WORK TASK: Pictures excluded, copy all of the data below exactly.

EXERCISE DATA:
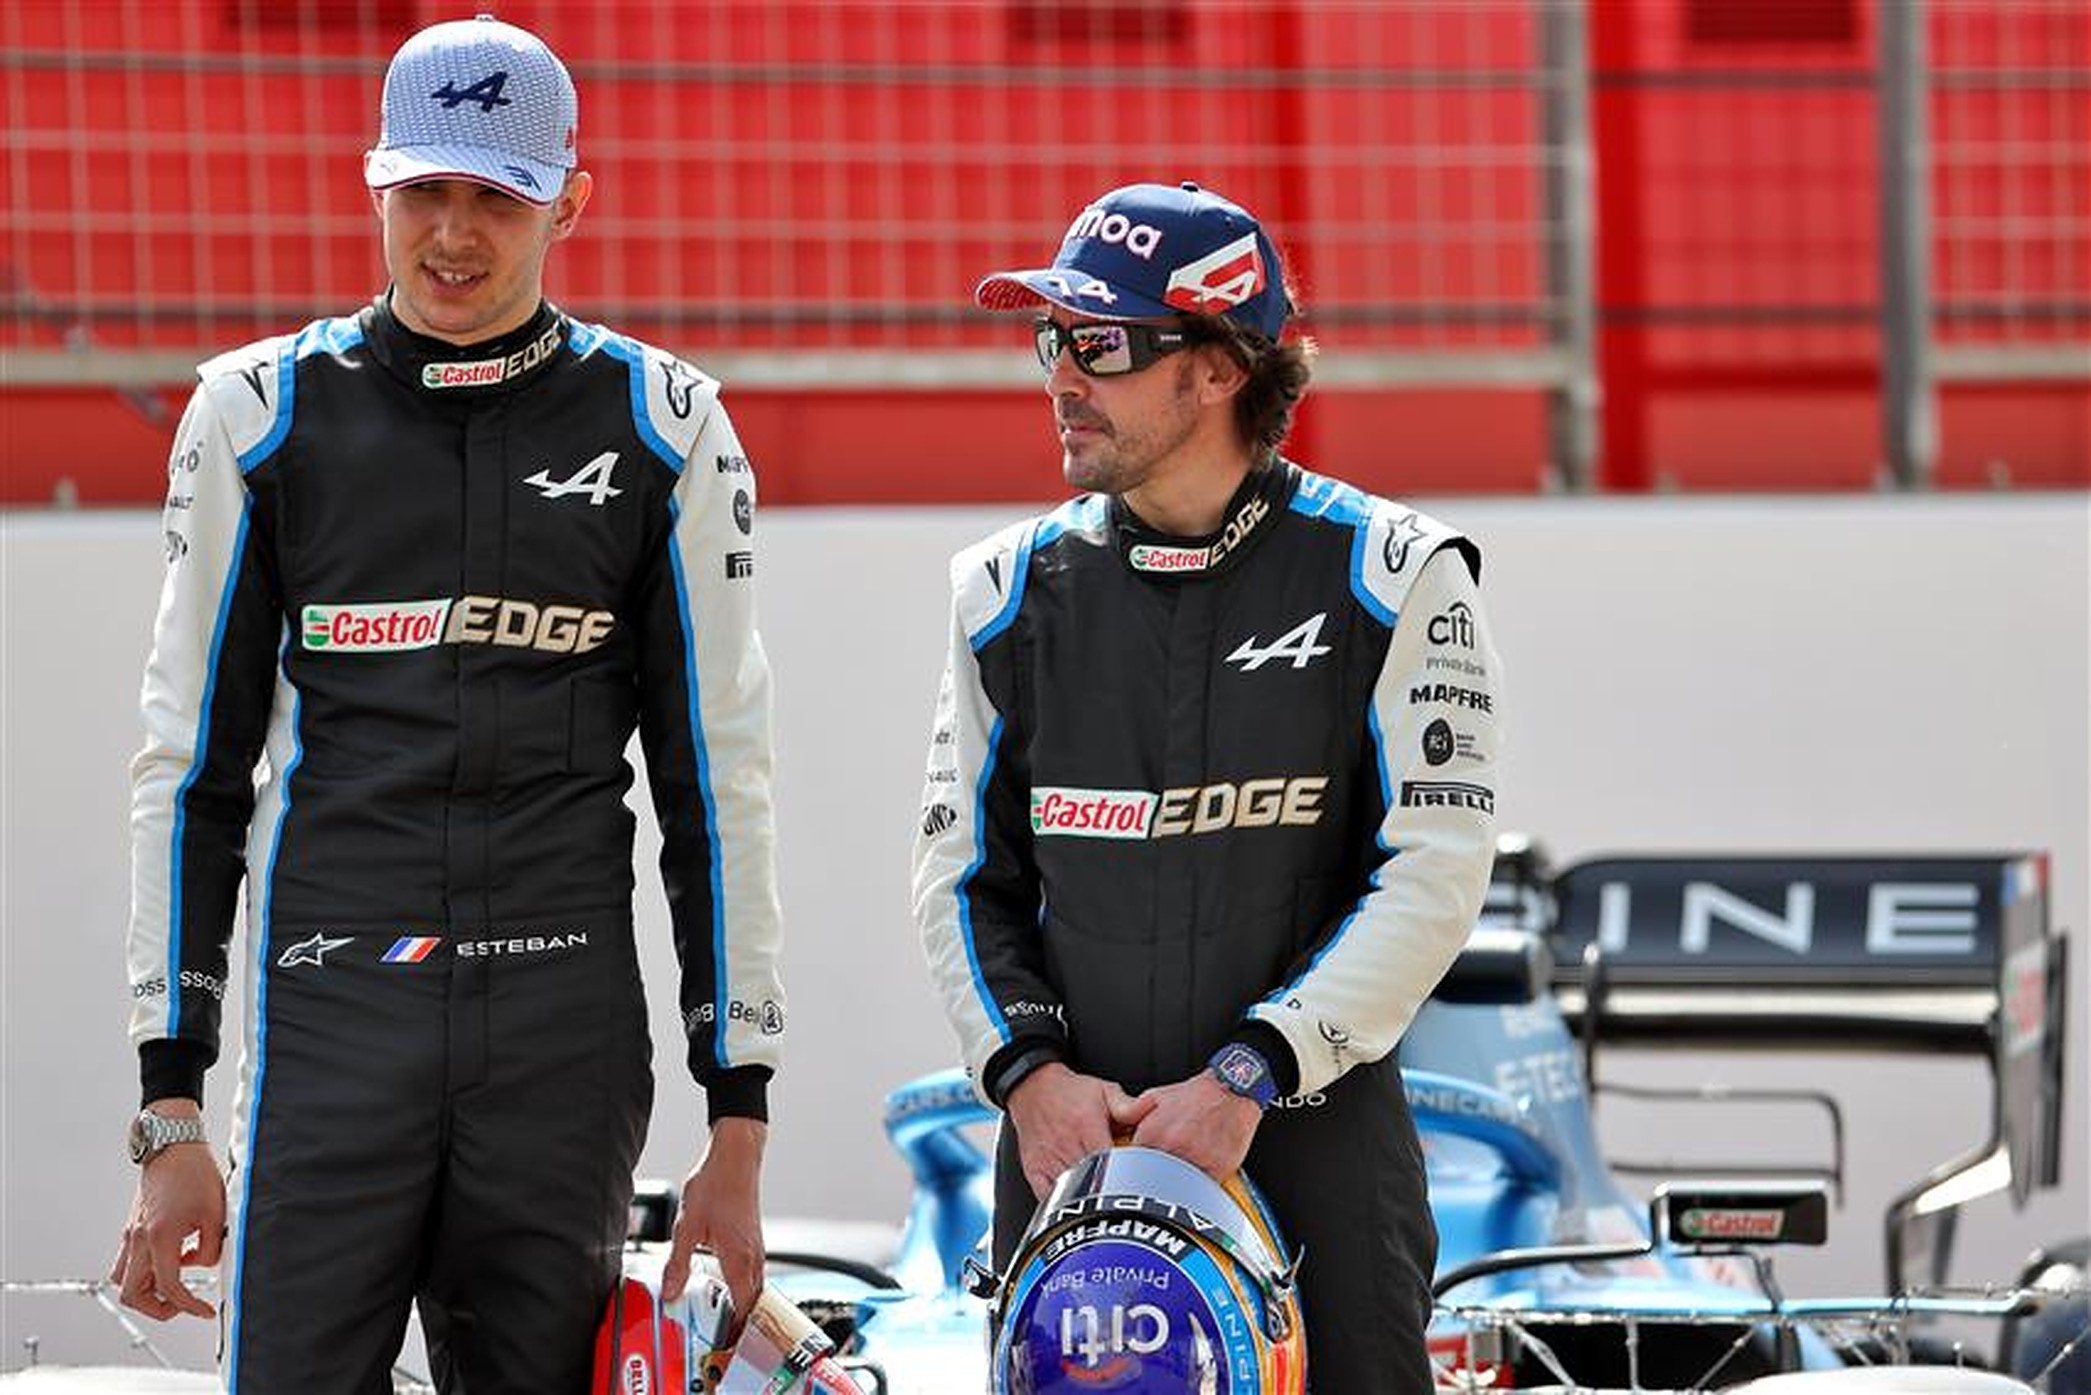 Fernando Alonso and Esteban Ocon at Alpine in 2021 Bahrain - Formula1news.co.uk
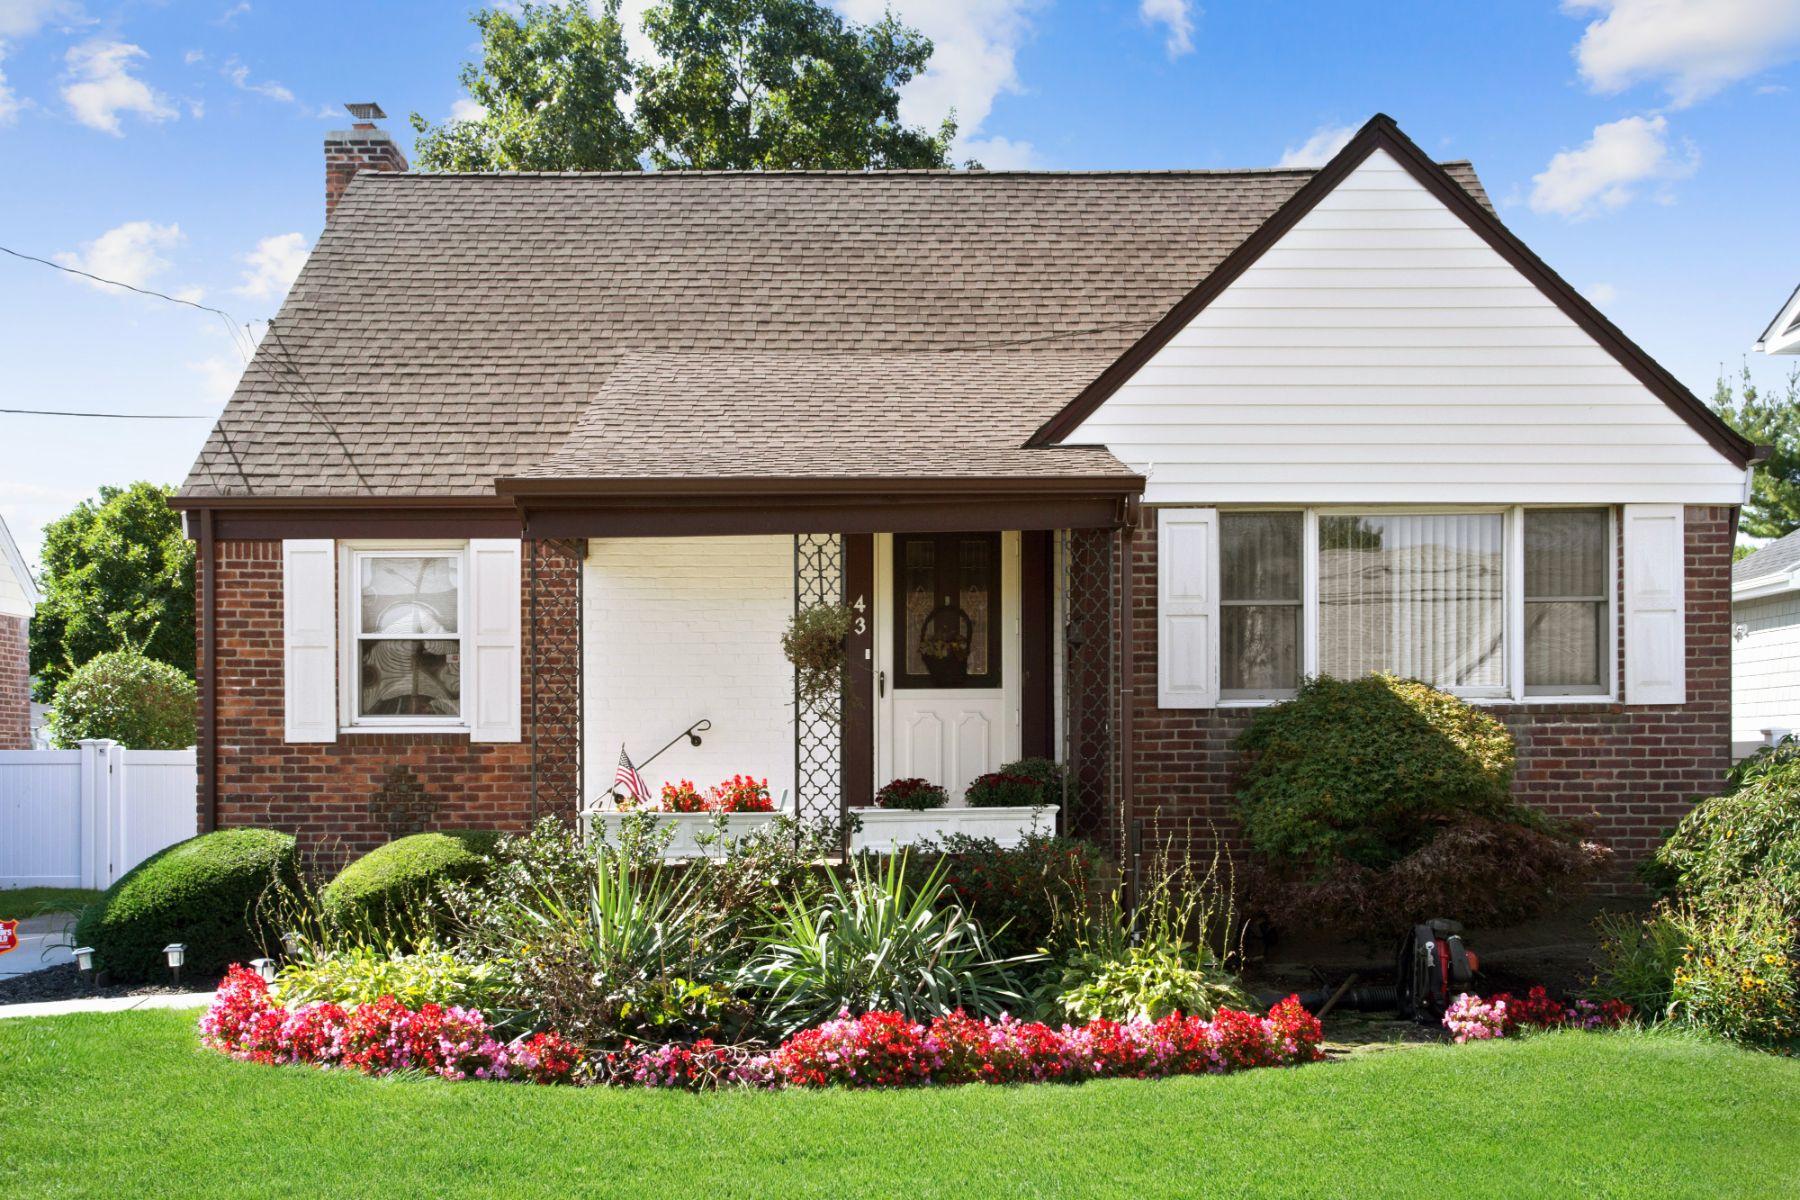 Single Family Homes for Sale at Malverne 43 W Morris Ave Malverne, New York 11565 United States
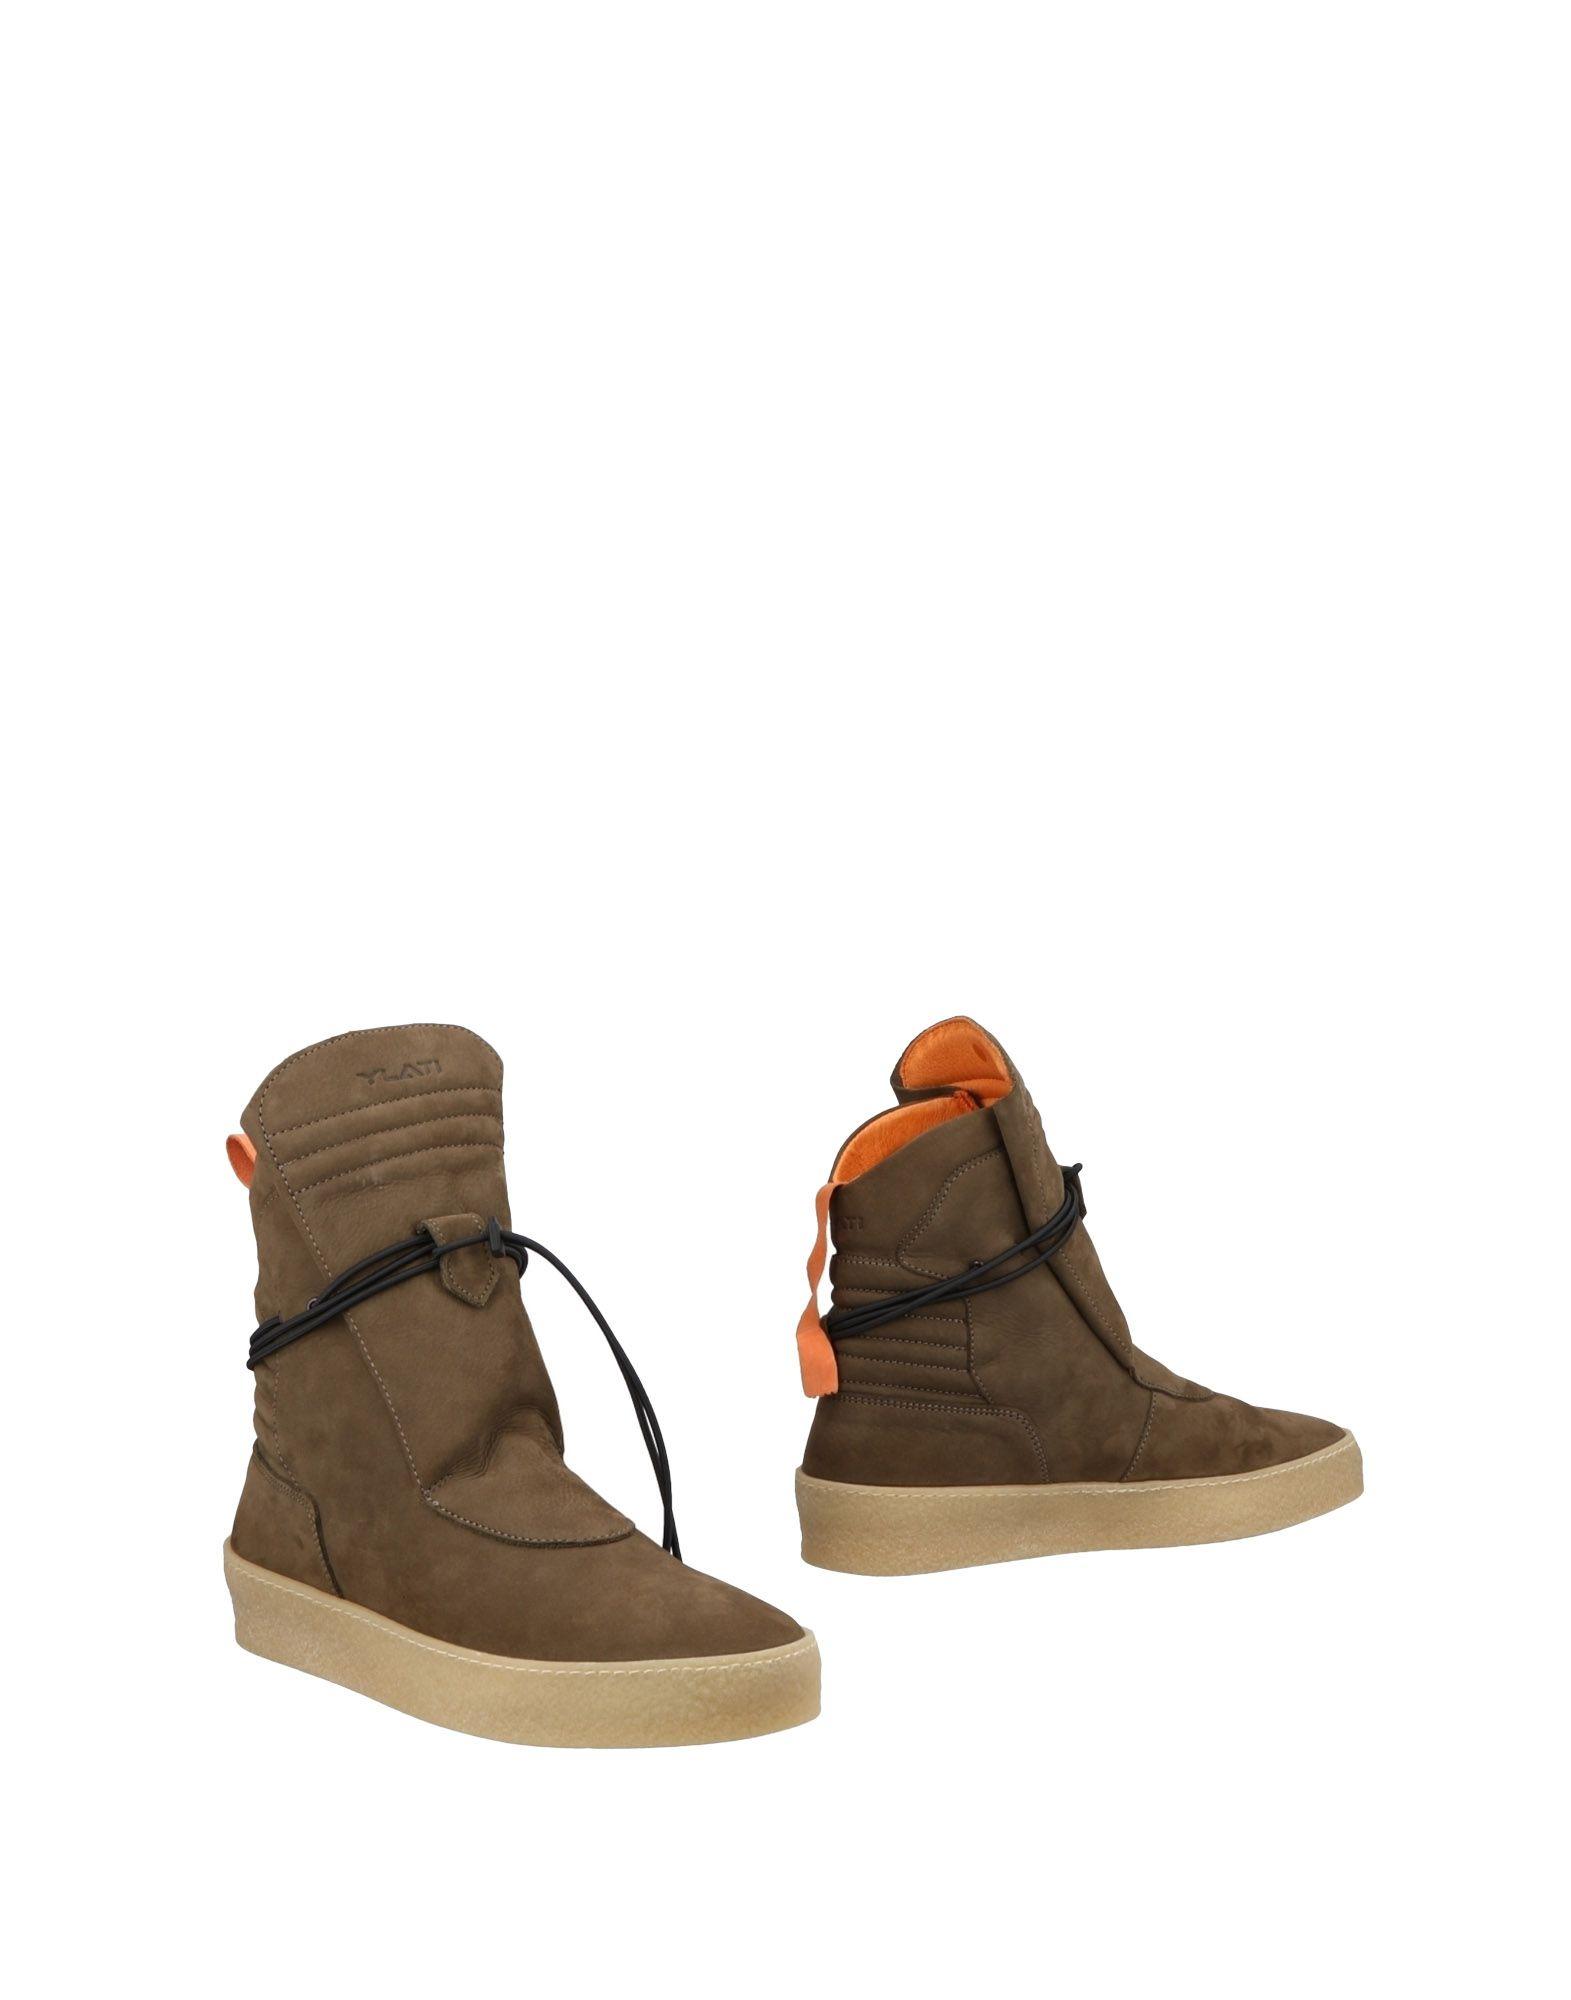 Ylati Stiefelette Herren  Schuhe 11479201JL Gute Qualität beliebte Schuhe  84e25e

TASK OUTPUT:
 Fernando Alonso and Esteban Ocon at Alpine in 2021 Bahrain - Formula1news.co.uk
 Single Family Homes for Sale at Malverne 43 W Morris Ave Malverne, New York 11565 United States
 Ylati Stiefelette Herren  Schuhe 11479201JL Gute Qualität beliebte Schuhe  84e25e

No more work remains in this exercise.